---- Source material

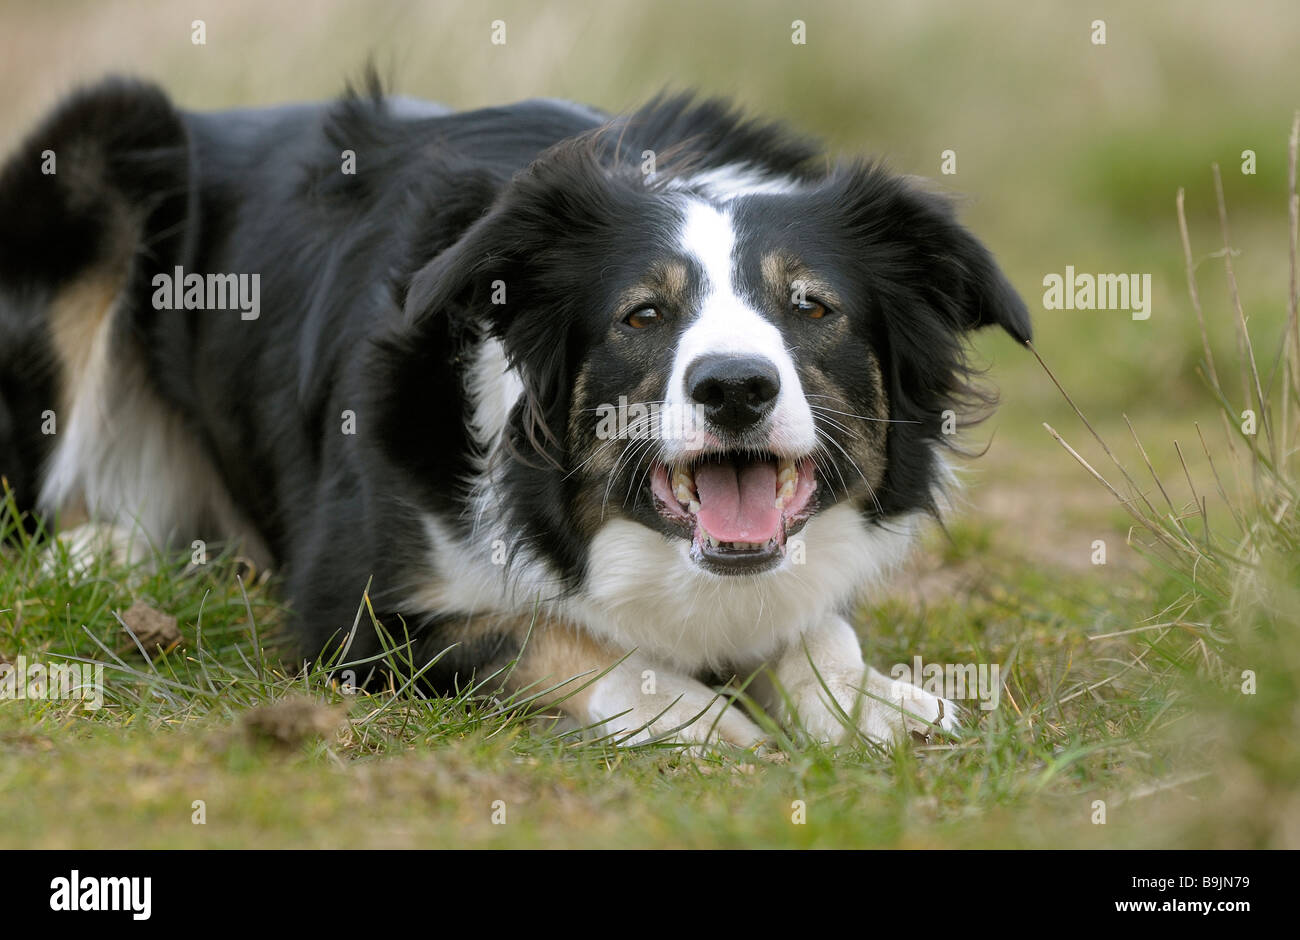 are welsh sheepdog aggressive
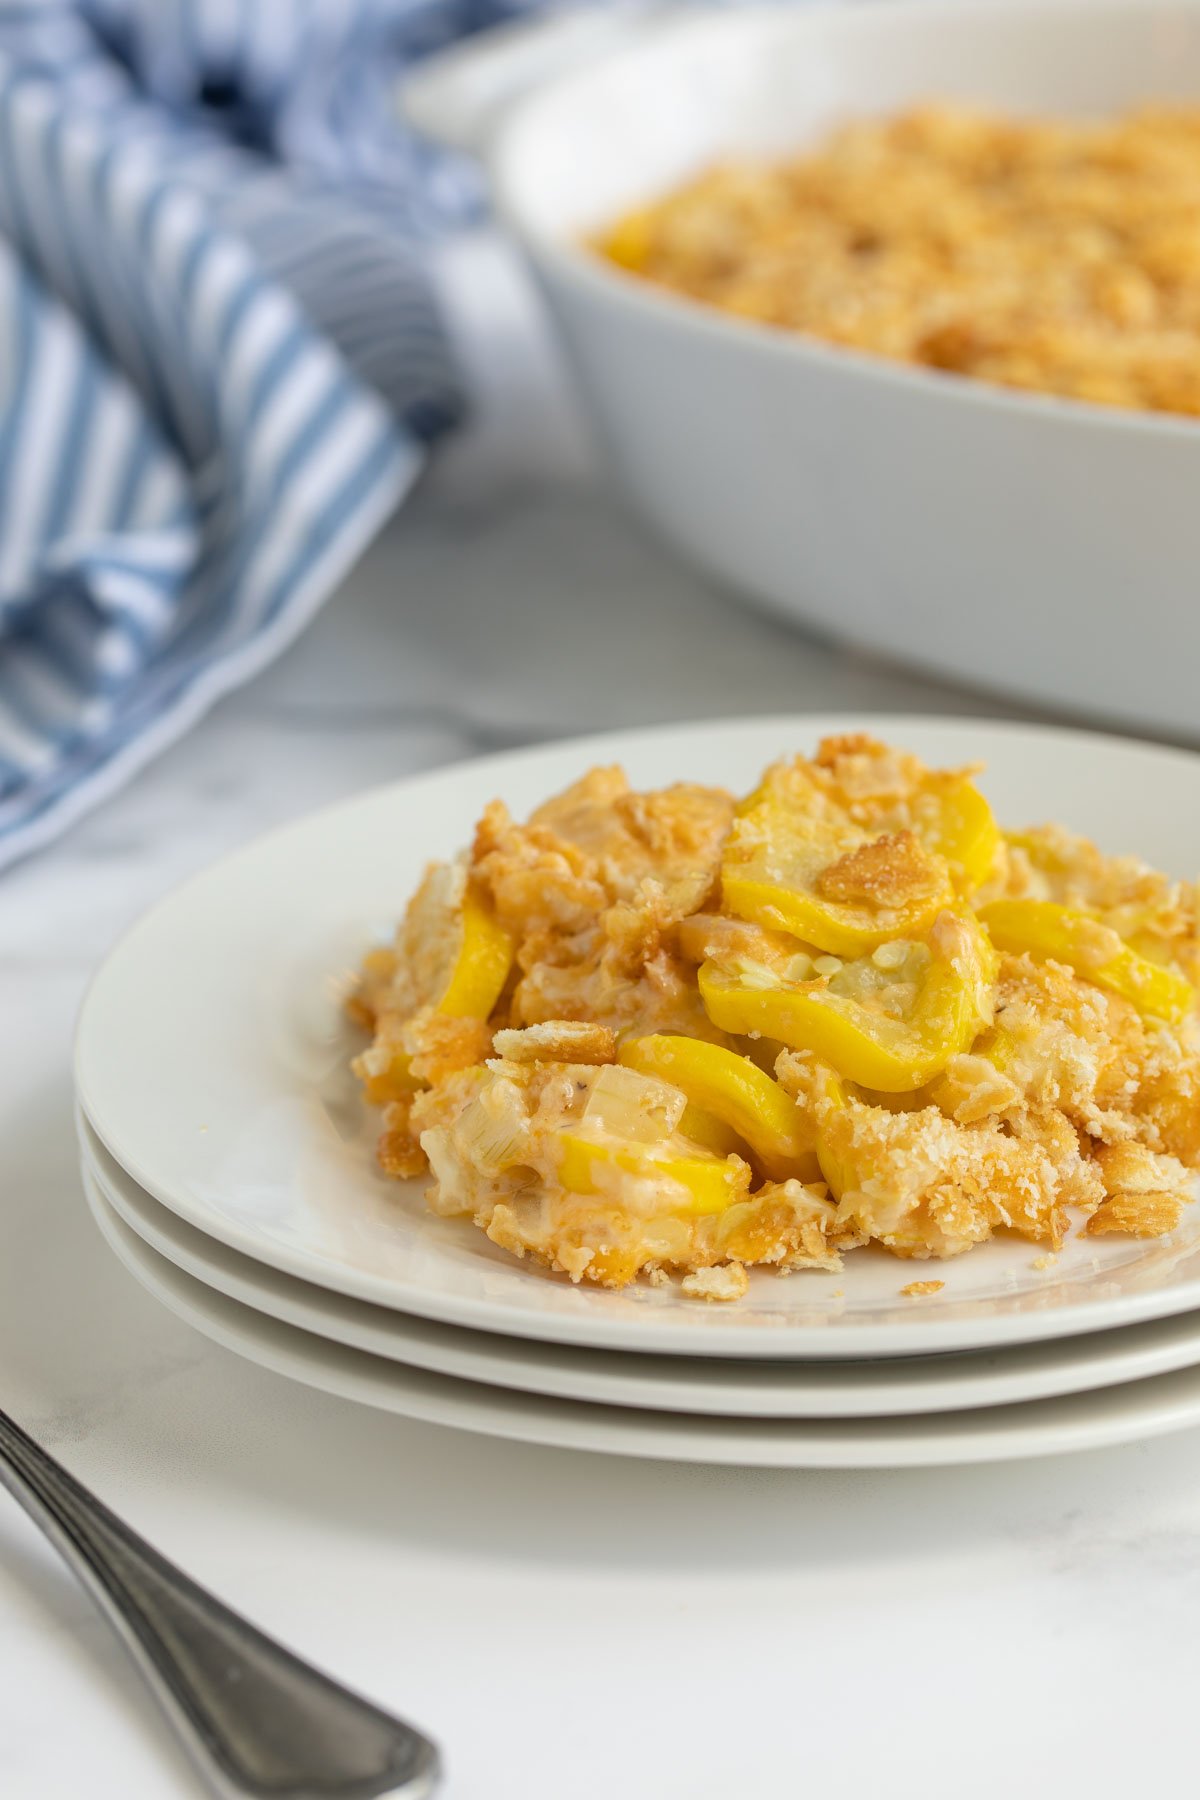 Cheesy squash casserole on a white plate with a baking dish in the background.
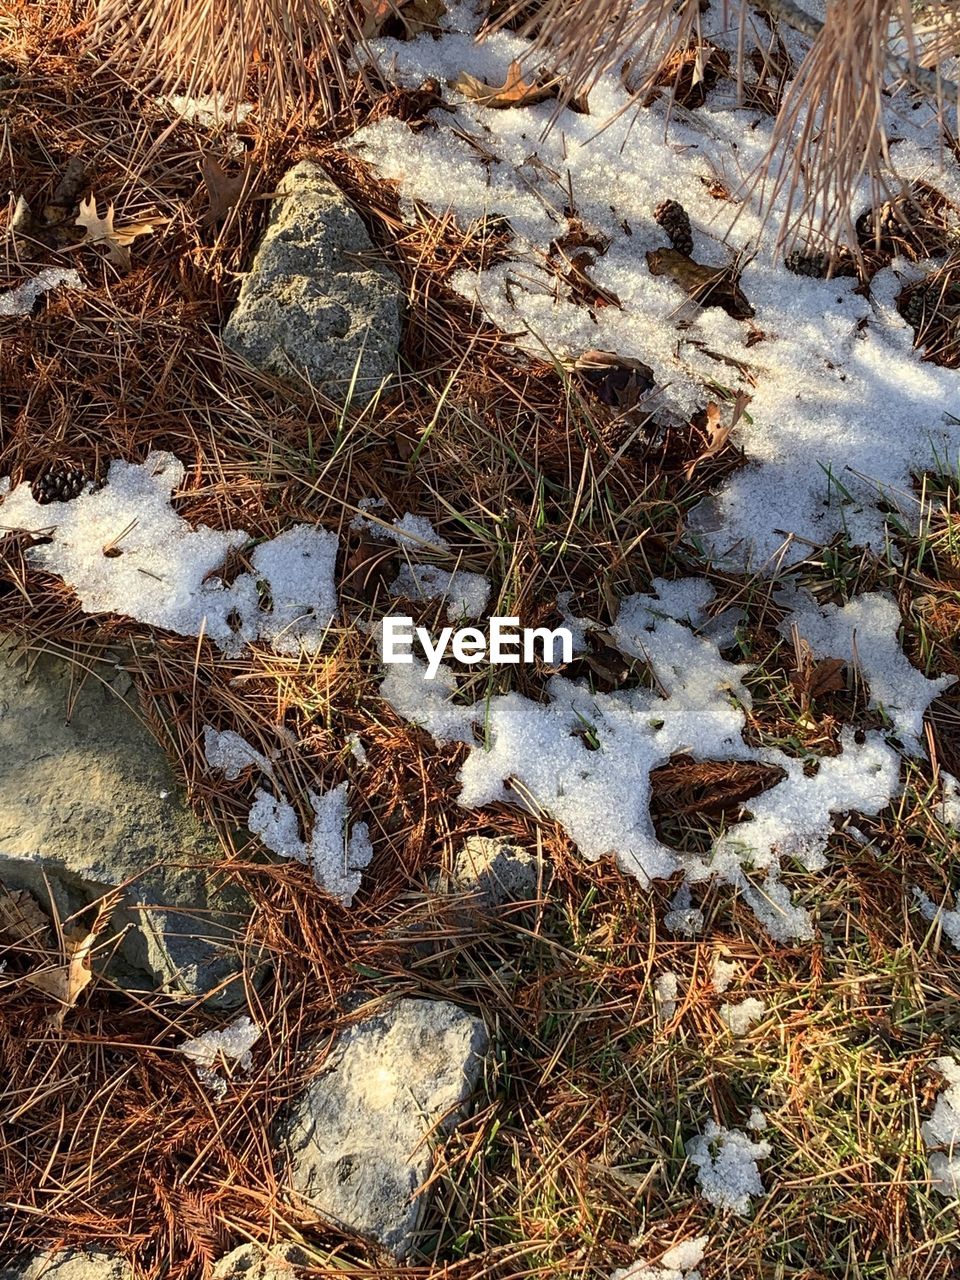 HIGH ANGLE VIEW OF DRY PLANTS ON SNOW FIELD
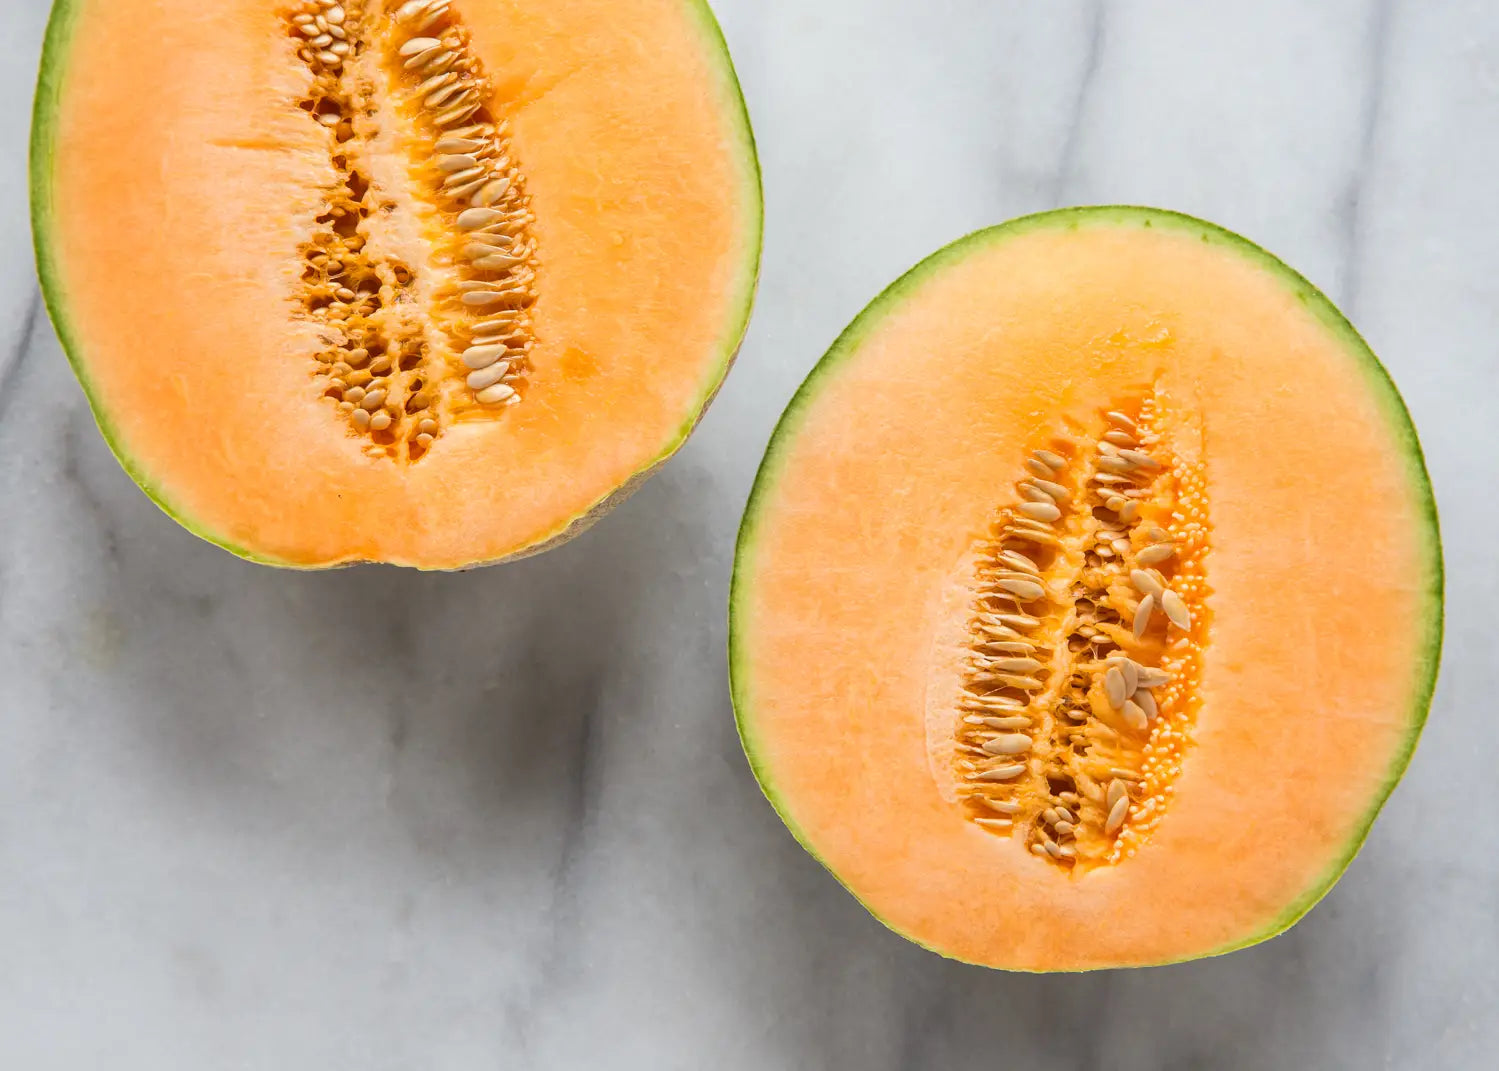 How to prepare fresh cantaloupe seeds for planting - All tips you need to know
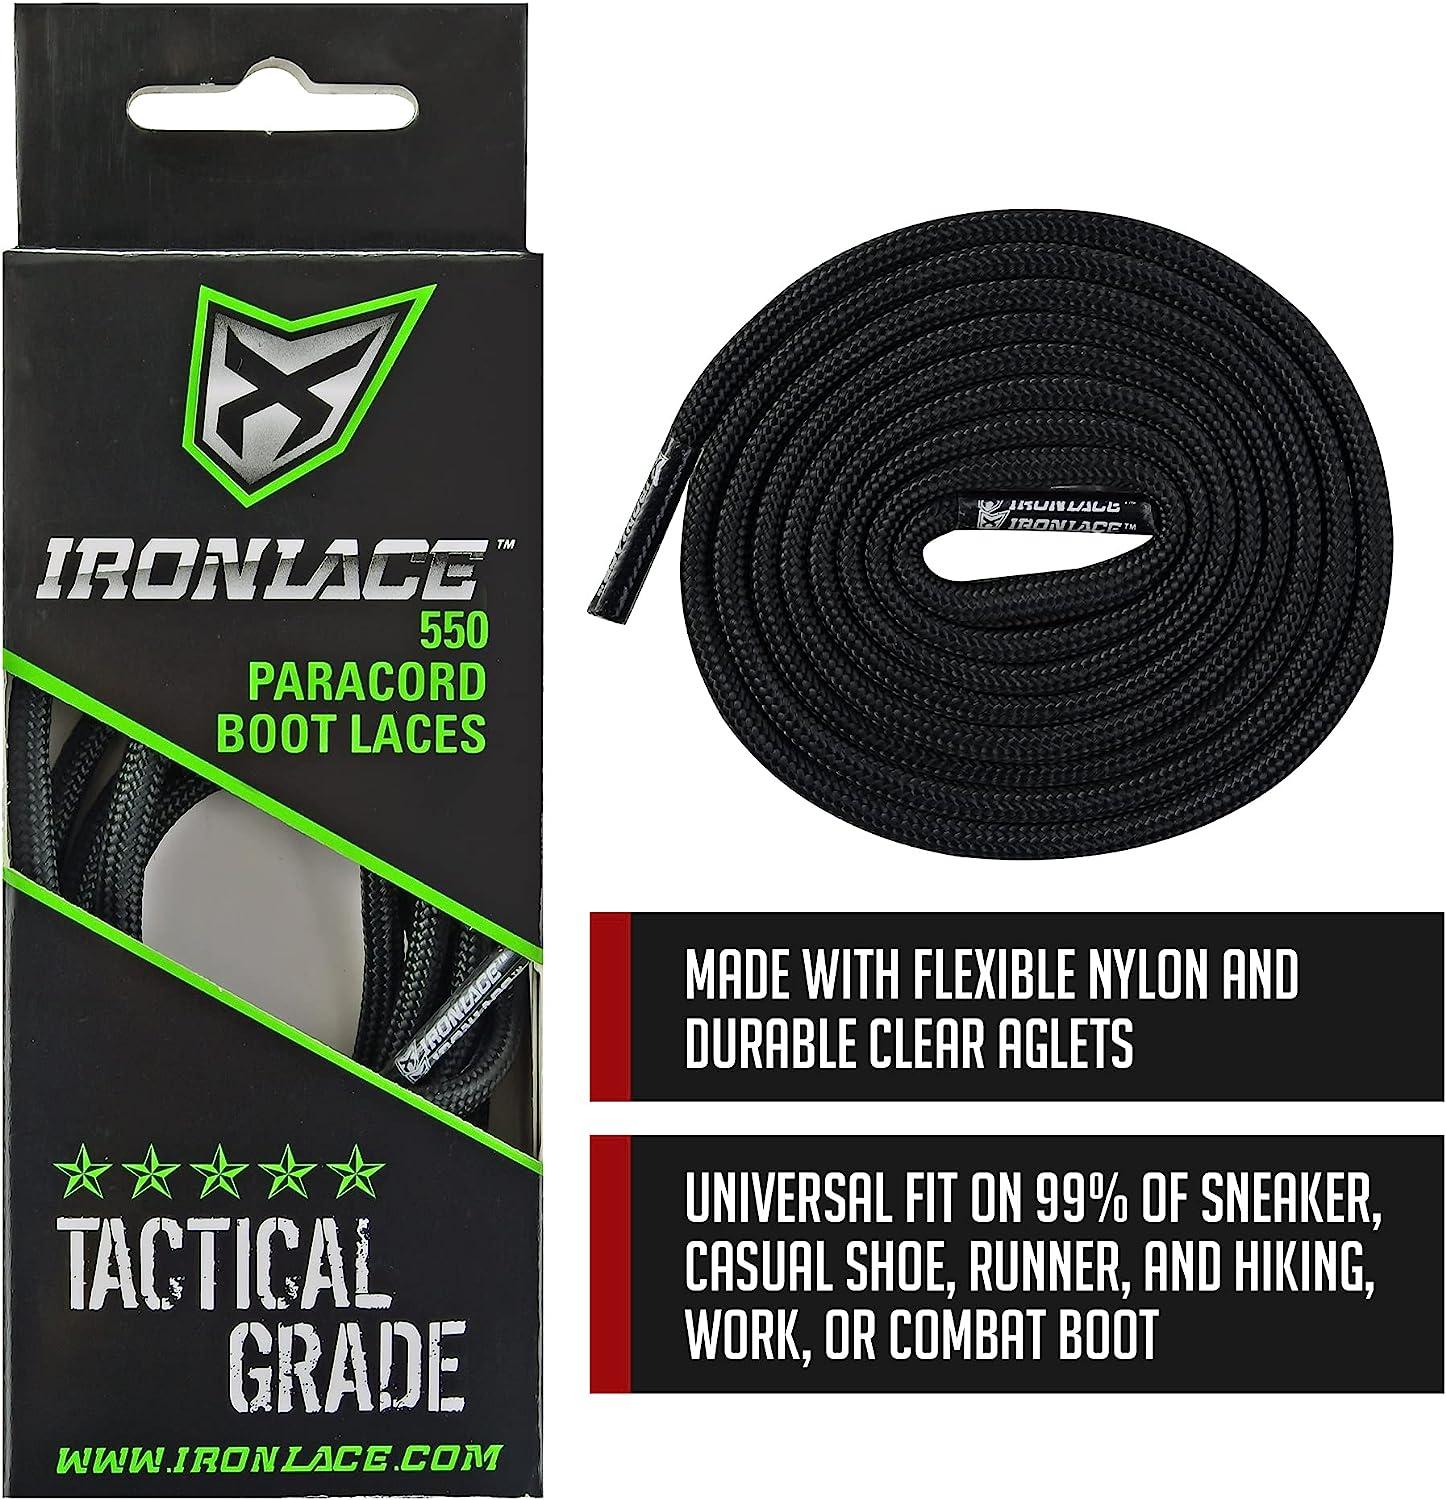 Ironlace | Ironlace Paracord 550 Boot Laces and Shoelaces

--------

* Required action
Transcribe all the records above word for word, without their images.

* Problem solution
 are welsh sheepdog aggressive
 Cheesy squash casserole on a white plate with a baking dish in the background.
 HIGH ANGLE VIEW OF DRY PLANTS ON SNOW FIELD
 How to prepare fresh cantaloupe seeds for planting - All tips you need to know
 Ironlace | Ironlace Paracord 550 Boot Laces and Shoelaces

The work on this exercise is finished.